▶ _Requirement_:
Transcribe the listing verbatim. Do not carry over any pictures.

▶ _Collected data_:
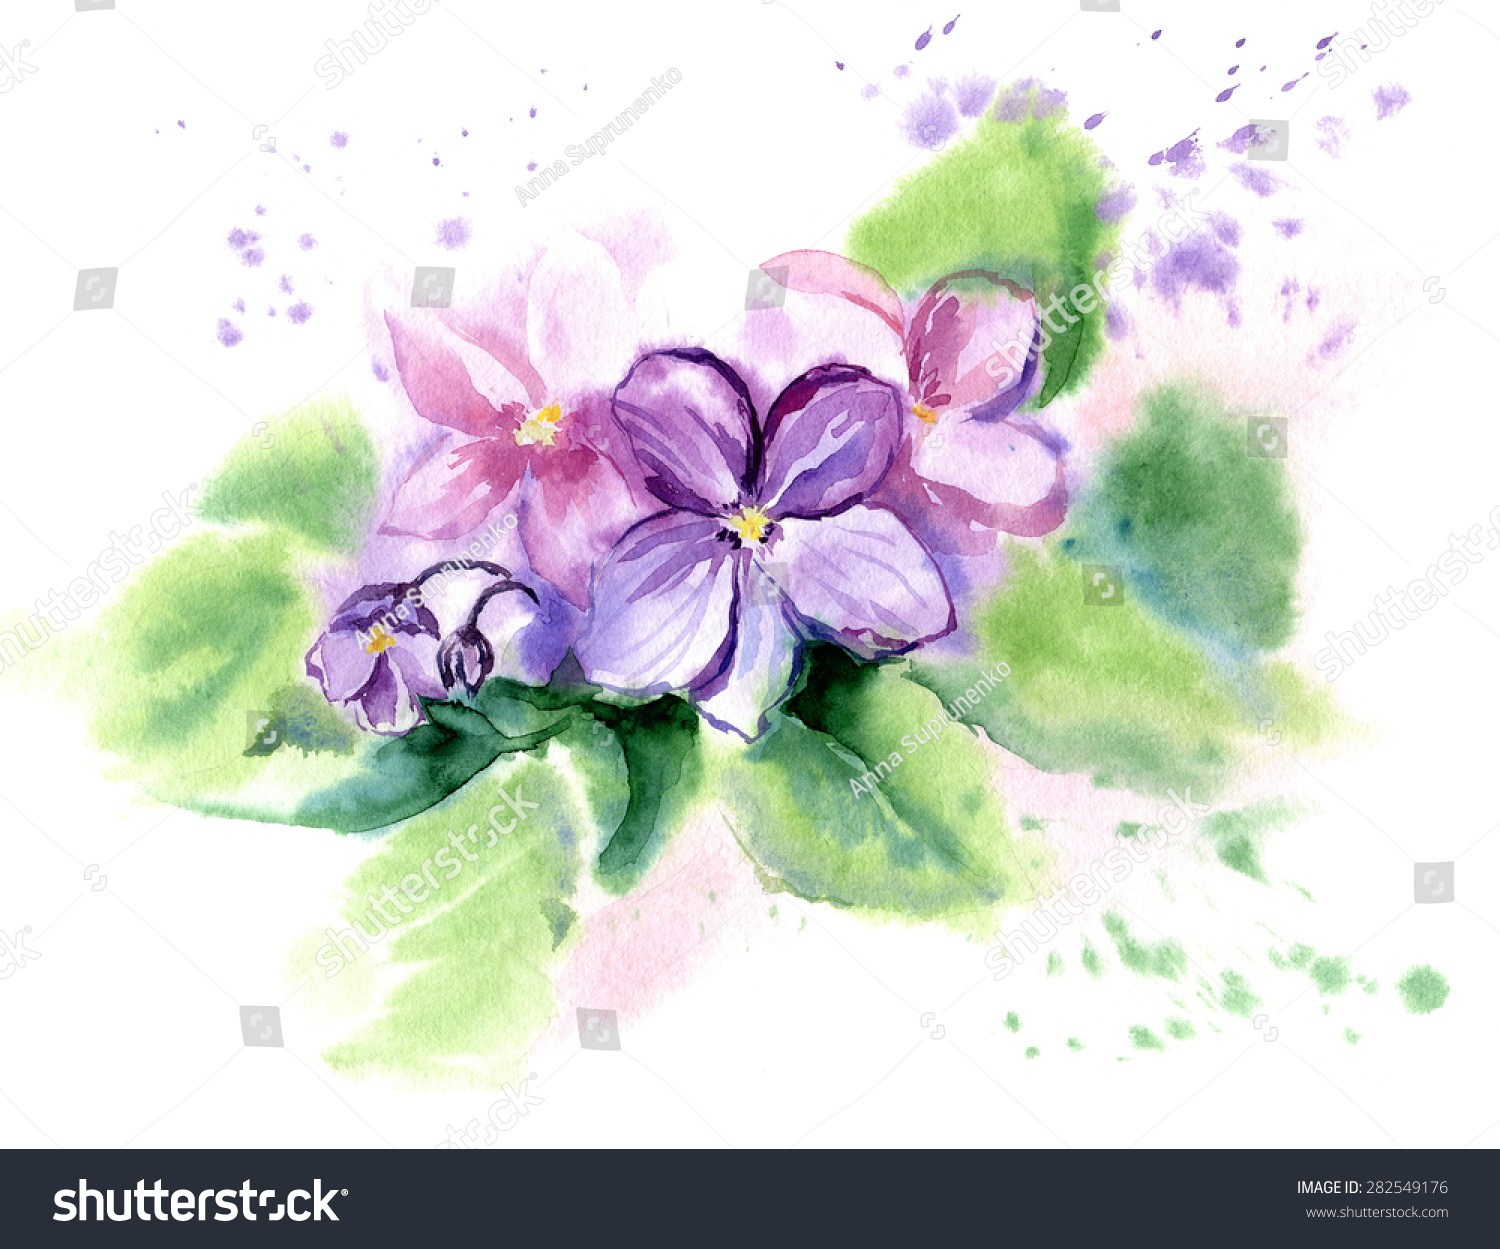 Hand Drawn Watercolor Illustration African Violet Flowers. Vector
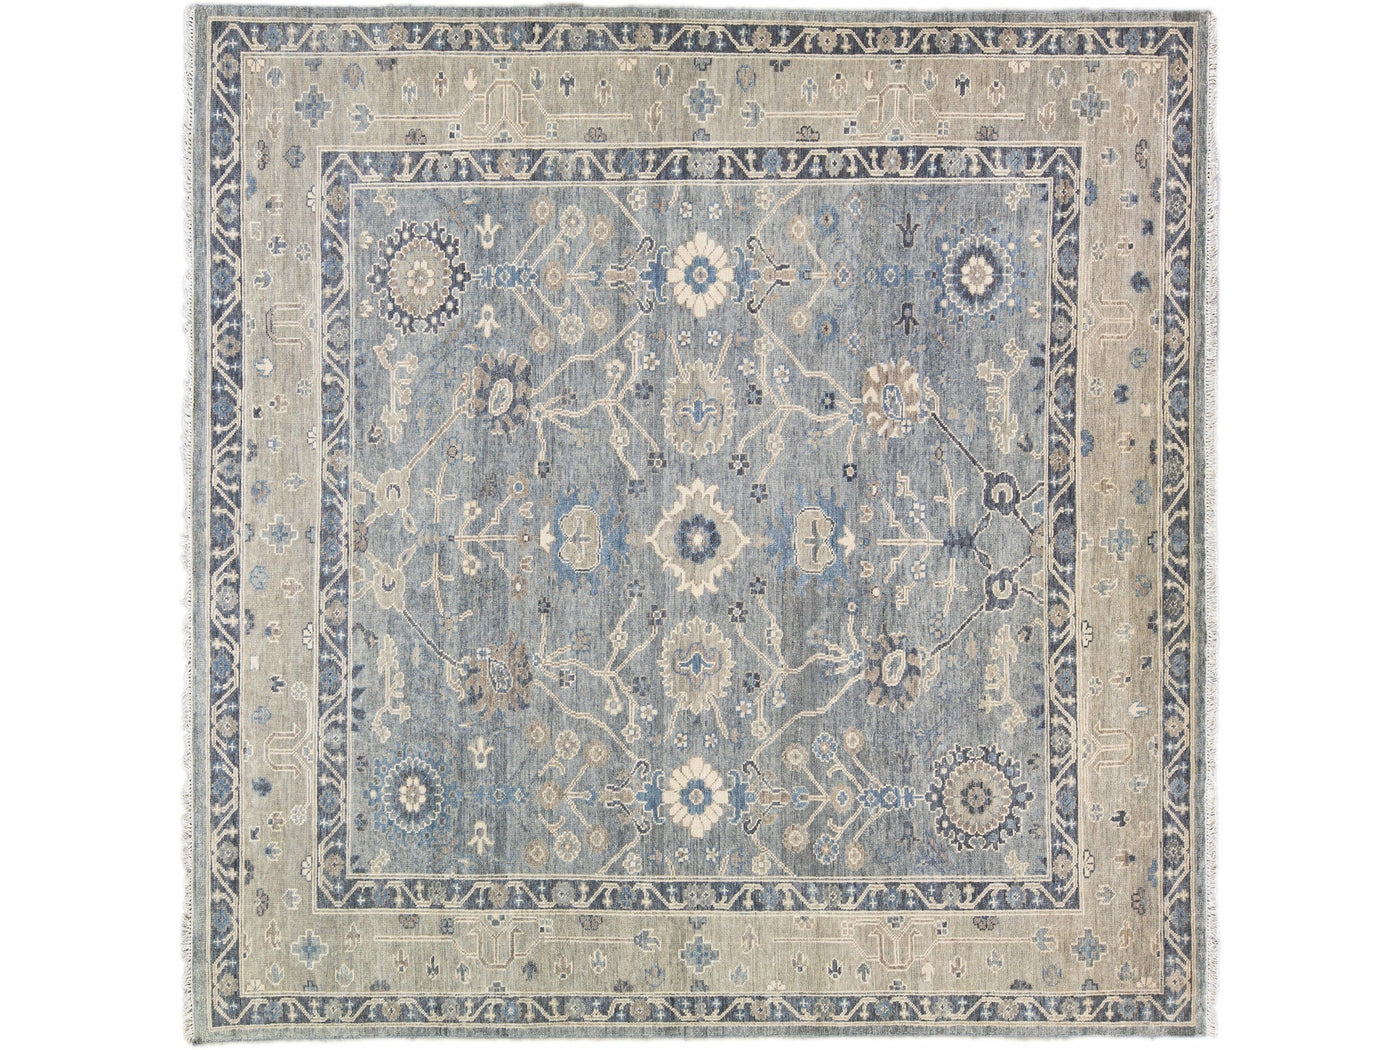 Modern Gray and Tan Oushak Style Handmade Floral Motif Square Wool Rug
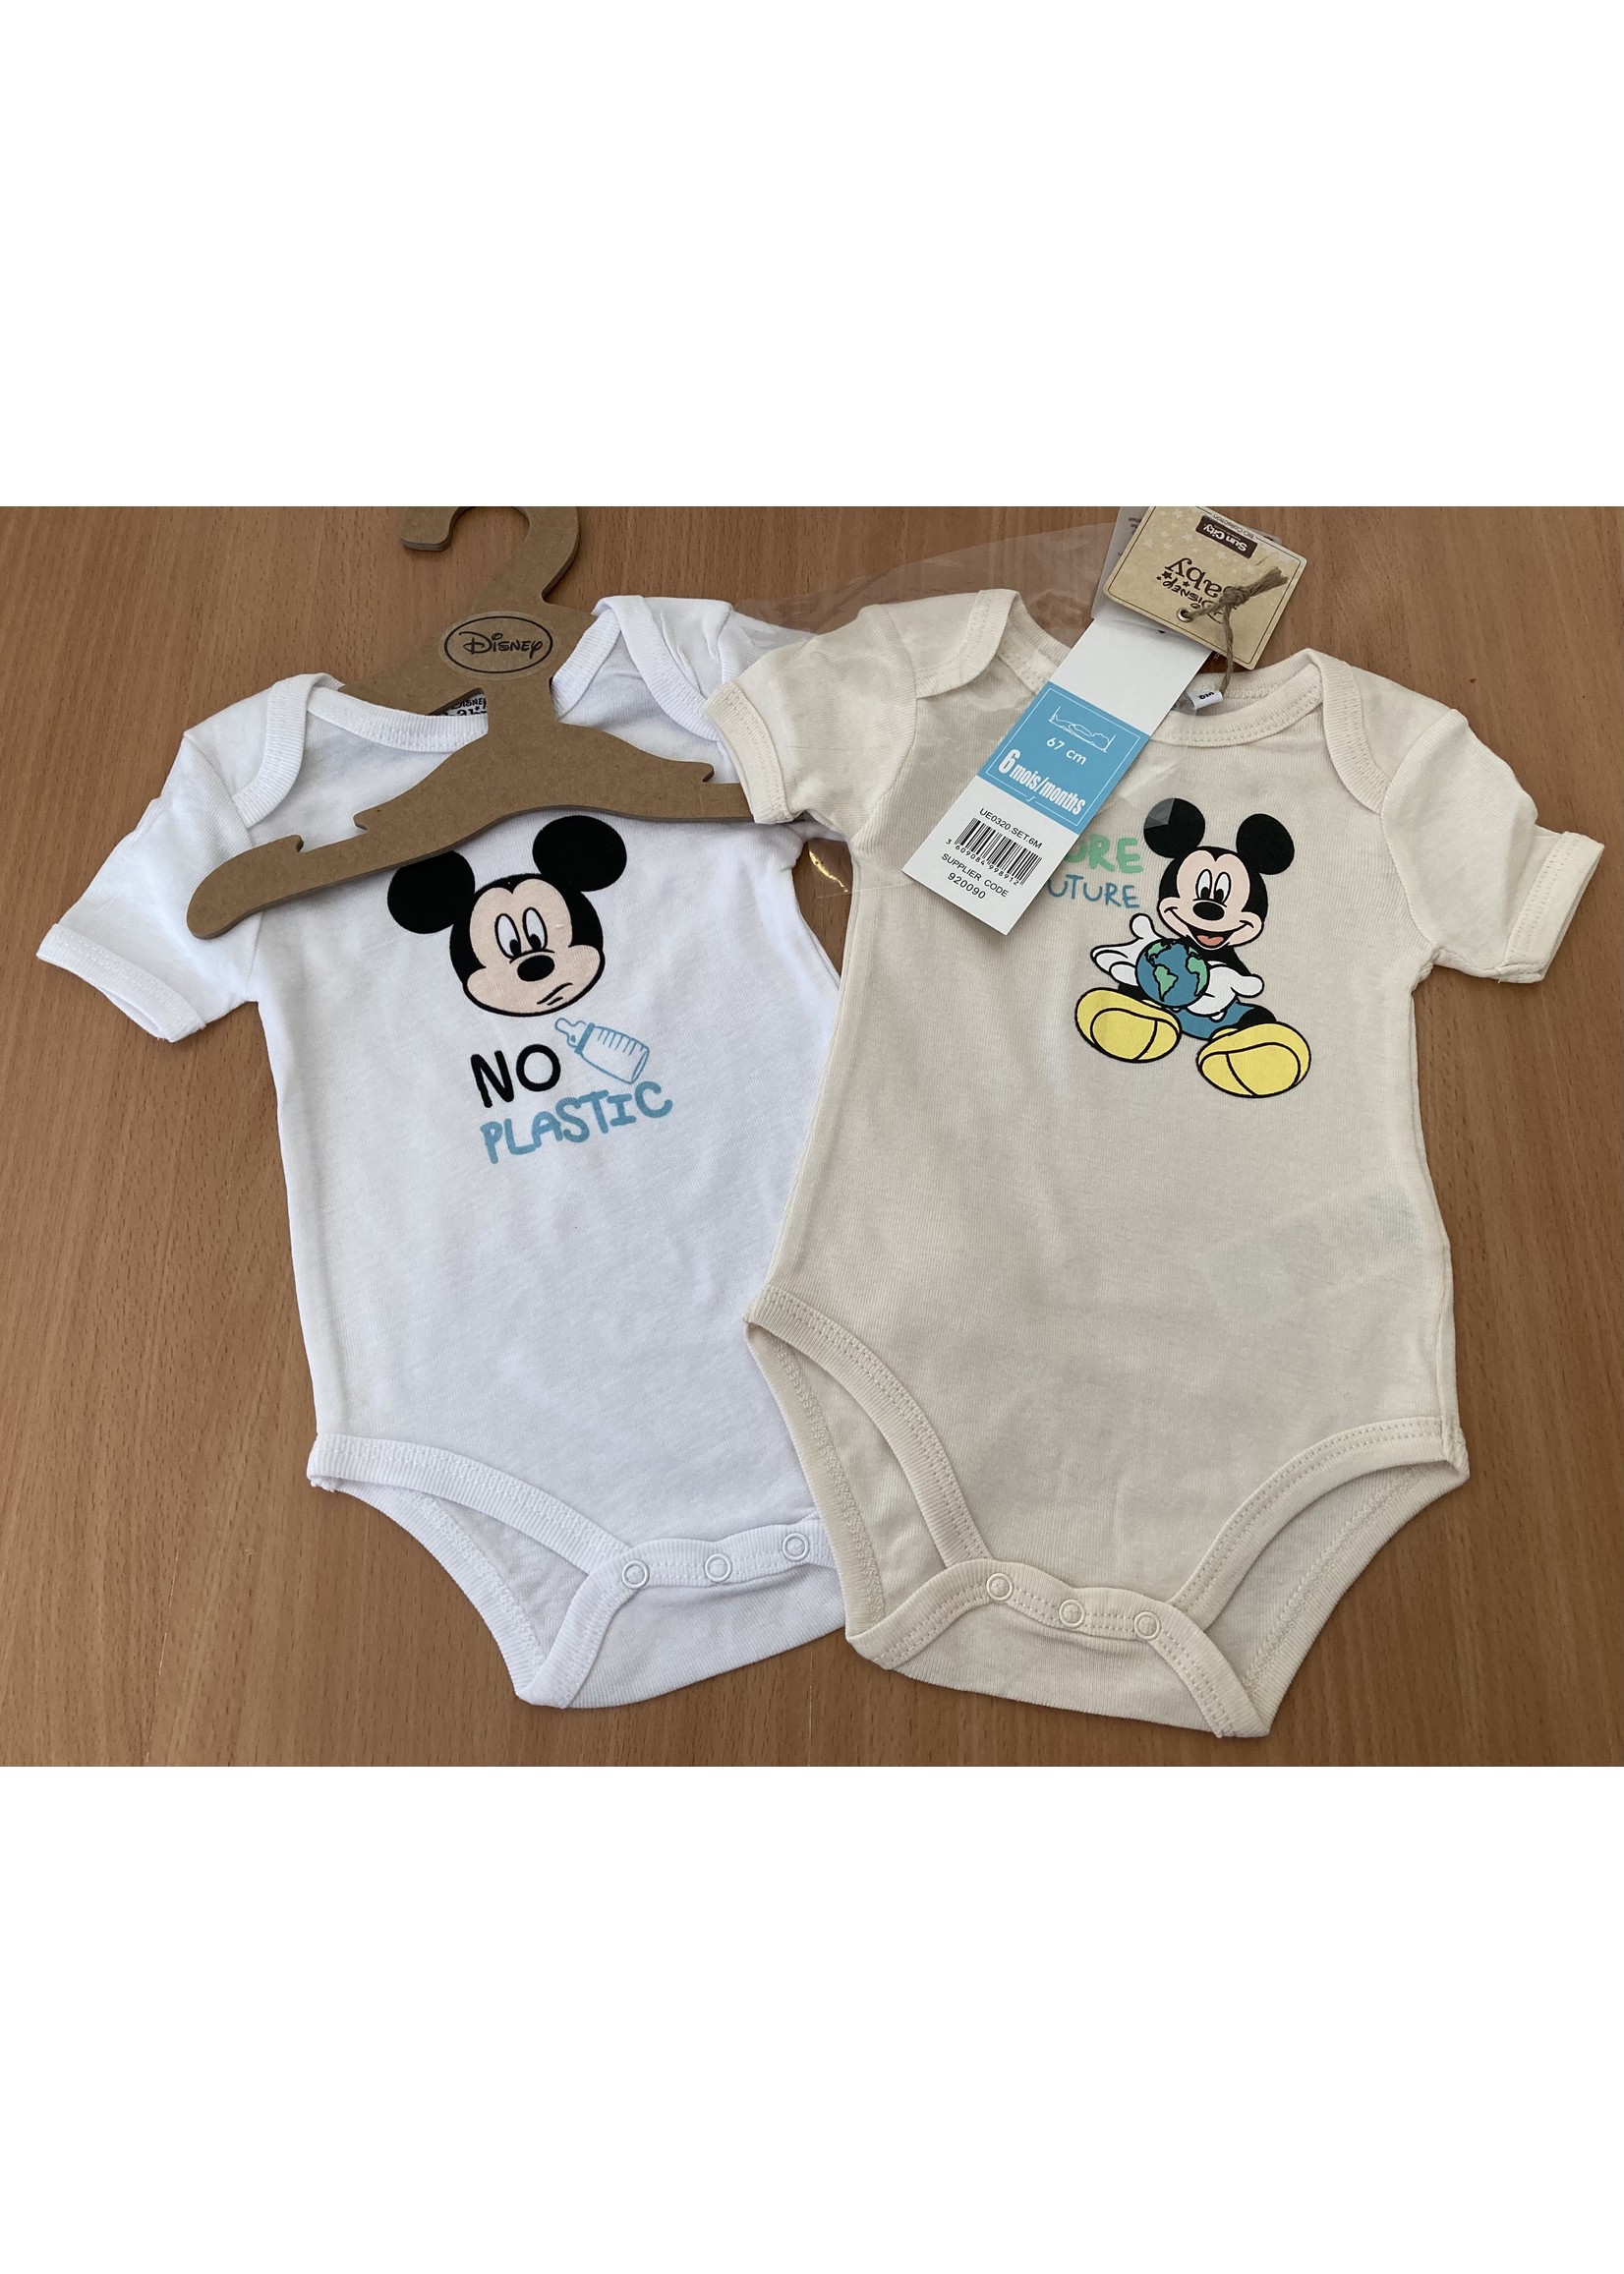 Disney baby Mickey Mouse organic rompers from Disney baby 2 pack

▶ _Response below_:
 Hand Drawn Watercolor Illustration African Violet Flowers. Vector
 Modern Gray and Tan Oushak Style Handmade Floral Motif Square Wool Rug
 Disney baby Mickey Mouse organic rompers from Disney baby 2 pack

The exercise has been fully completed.